= Rancho Santa Ysabel (Arce) =

Land grant in California

Rancho Santa Ysabel was a 17774 acre Mexican land grant in present-day San Luis Obispo County, California given in 1844 by Governor Manuel Micheltorena to Francisco Arce. The grant was southeast of present-day Paso Robles, between the Salinas River on the west and Huerhuero Creek on the east.

==History==
Francisco Casimiro Arce (1821–1878) came as a boy to Monterey in 1833. He was a Mexican cavalry officer, and secretary to General José Castro. He was granted the four square league, former Mission San Miguel Arcángel lands, Rancho Santa Ysabel in 1844. In 1846, a small group of resident Americans captured, from Lieutenant Arce, a band of horses being taken to General Castro. The taking of these horses was the first stroke of an insurgency which came to be called the Bear Flag Revolt. Arce left California with José Castro in 1846.

With the cession of California to the United States following the Mexican-American War, the 1848 Treaty of Guadalupe Hidalgo provided that the land grants would be honored. As required by the Land Act of 1851, a claim for Rancho Santa Ysabel was filed with the Public Land Commission in 1852, and the grant was patented to Francisco Arce in 1866.

Arce sold parts of the rancho to Jeremiah Clark in 1853, to Manual Castro in 1855, to Theodoro Gonzales in 1859, and to Maurice Dore 1874. Francisco Arce died in 1878. Chauncey Hatch Phillips bought Rancho Santa Ysabel in 1886, and subdivided it to be sold as farm lots to individuals ready to settle in the area being opened up by the arrival of the railroad.

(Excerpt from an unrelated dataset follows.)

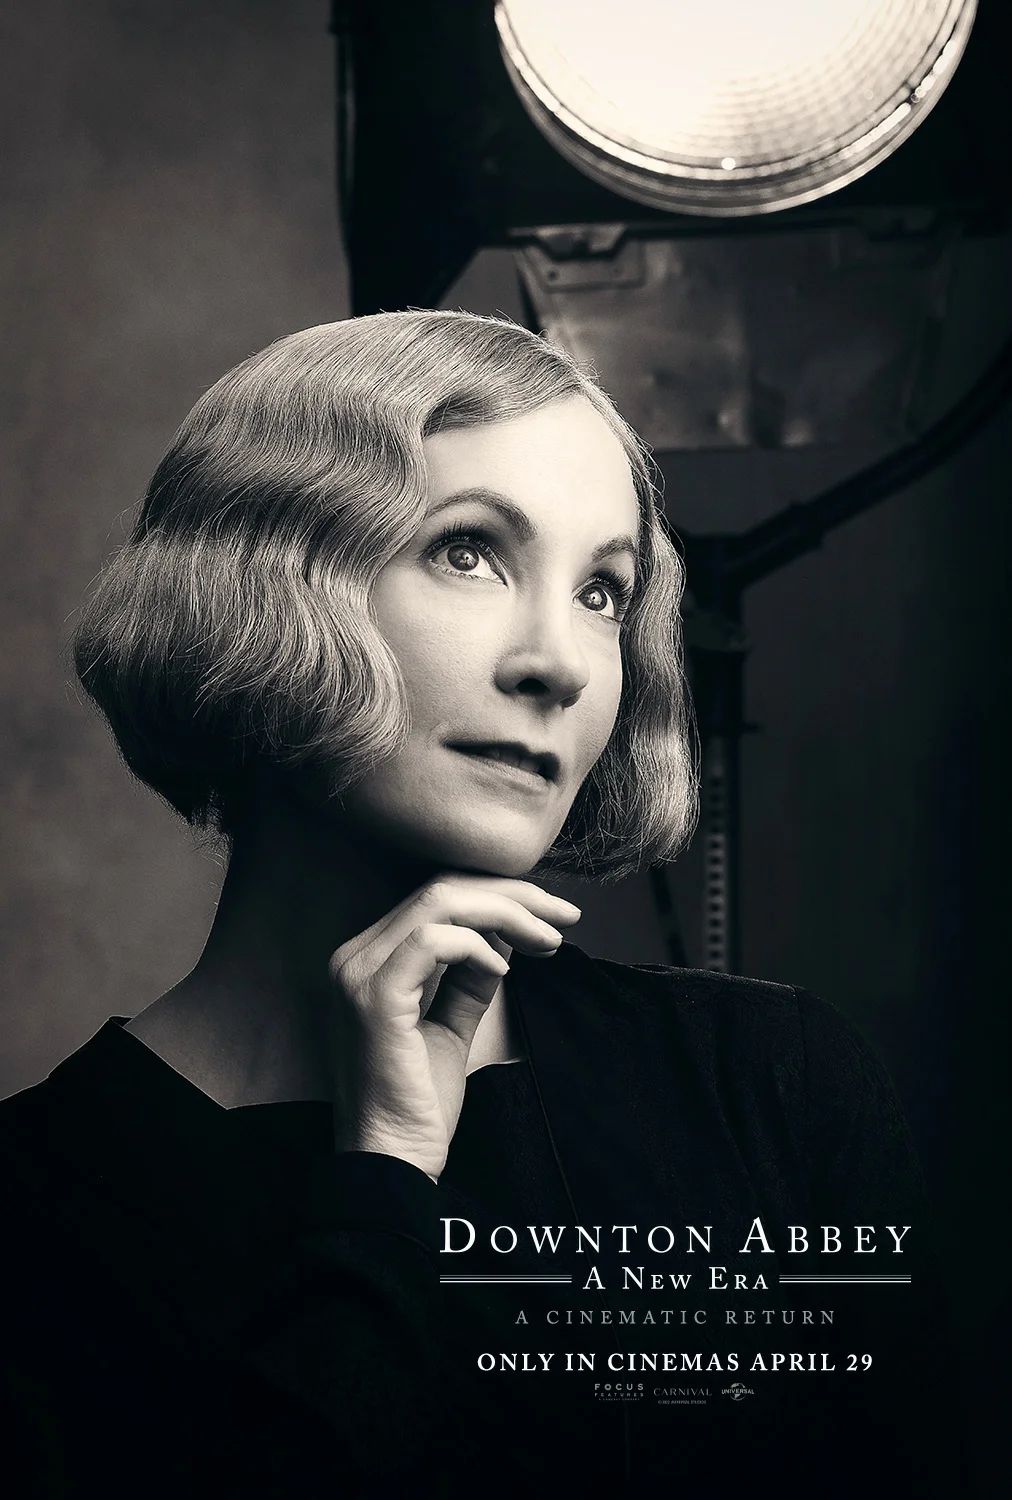 downton-abbey-a-new-era-released-character-posters-multiple-main-actors-appear-12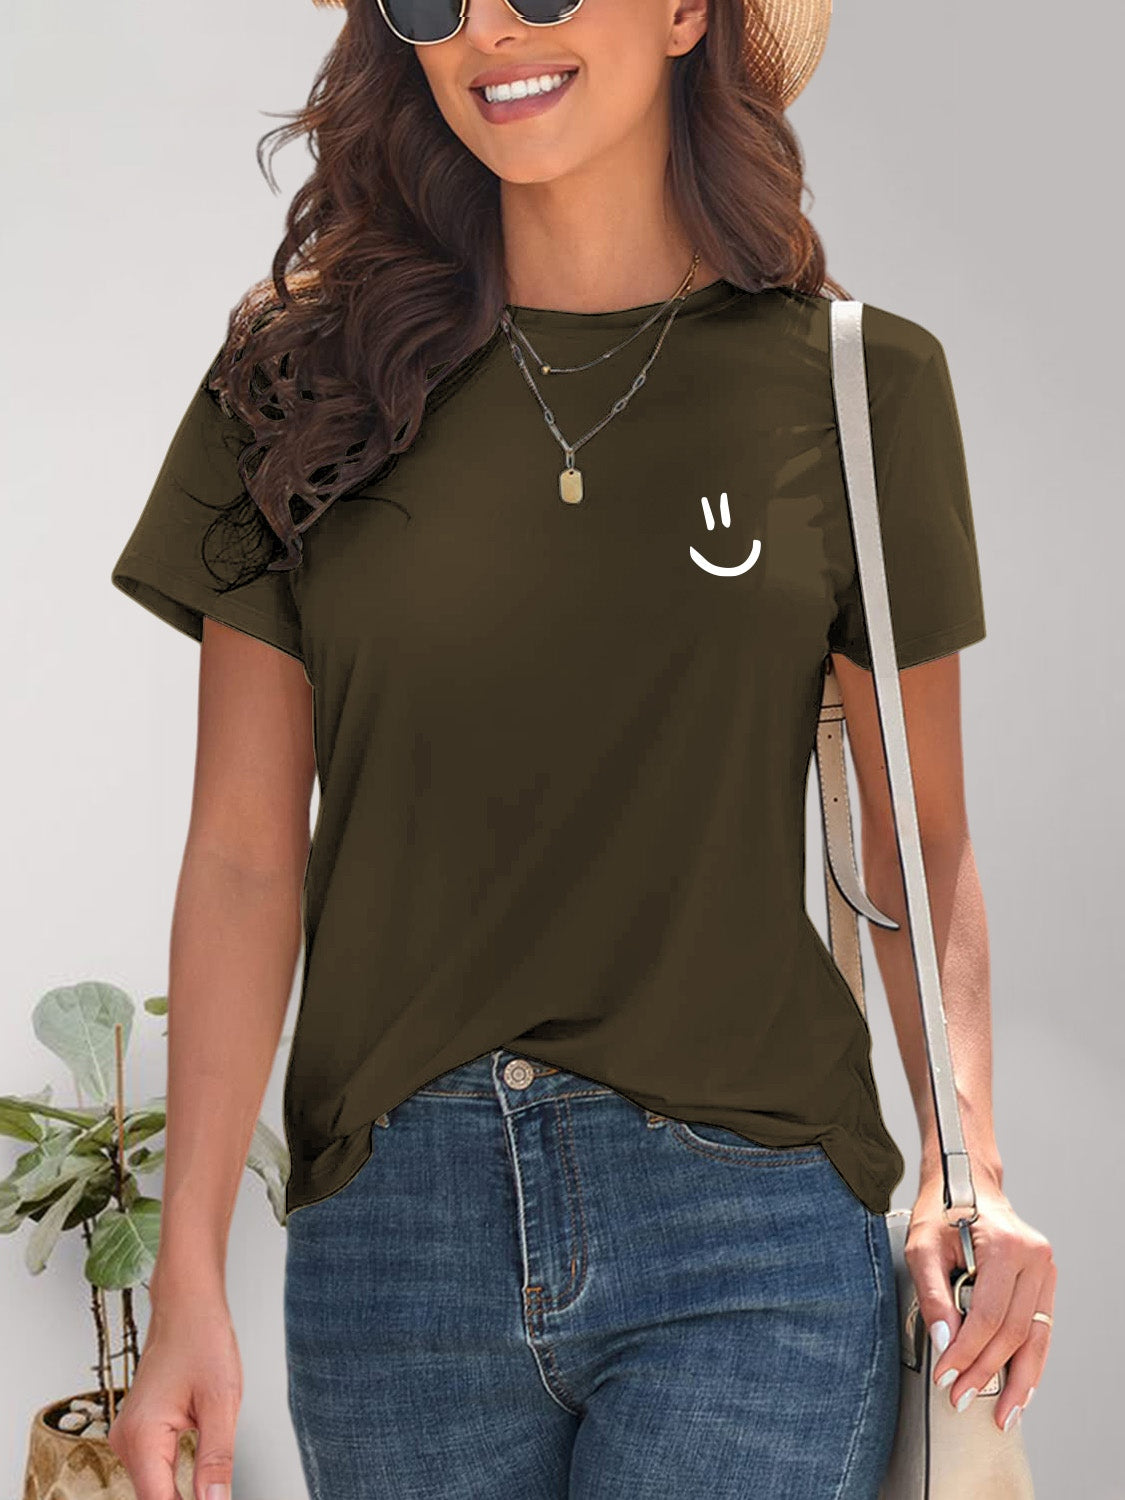 Smile Graphic Round Neck Short Sleeve T-Shirt Army Green S

== Chauncey Hatch Phillips ==
Chauncey Hatch Phillips (1837-1902) was a San Luis Obispo real estate developer who acquired, subdivided and sold a number of Mexican land grants. Phillips was born in Ohio and in 1862 married Jane Woods in Wisconsin. In 1864, leaving his wife and child behind, Phillips came to Napa as a teacher. He entered a law office and studied law. From 1865 to 1870, he worked for the Internal Revenue Service. In 1871 he moved to San Luis Obispo, and opened a bank. In 1875, he purchased Rancho Moro y Cayucos, and laid out the town of Cayucos. In 1878, he retired from the bank, to devote his time to real estate ventures. In 1882, he made arrangements with Steele Brothers to sell their lands on the Rancho Corral de Piedra, Rancho Bolsa de Chamisal, Rancho Arroyo Grande, and Rancho Pismo. In 1883 Phillips bought and sold Rancho San Miguelito. In 1886, Phillips founded the West Coast Land Company.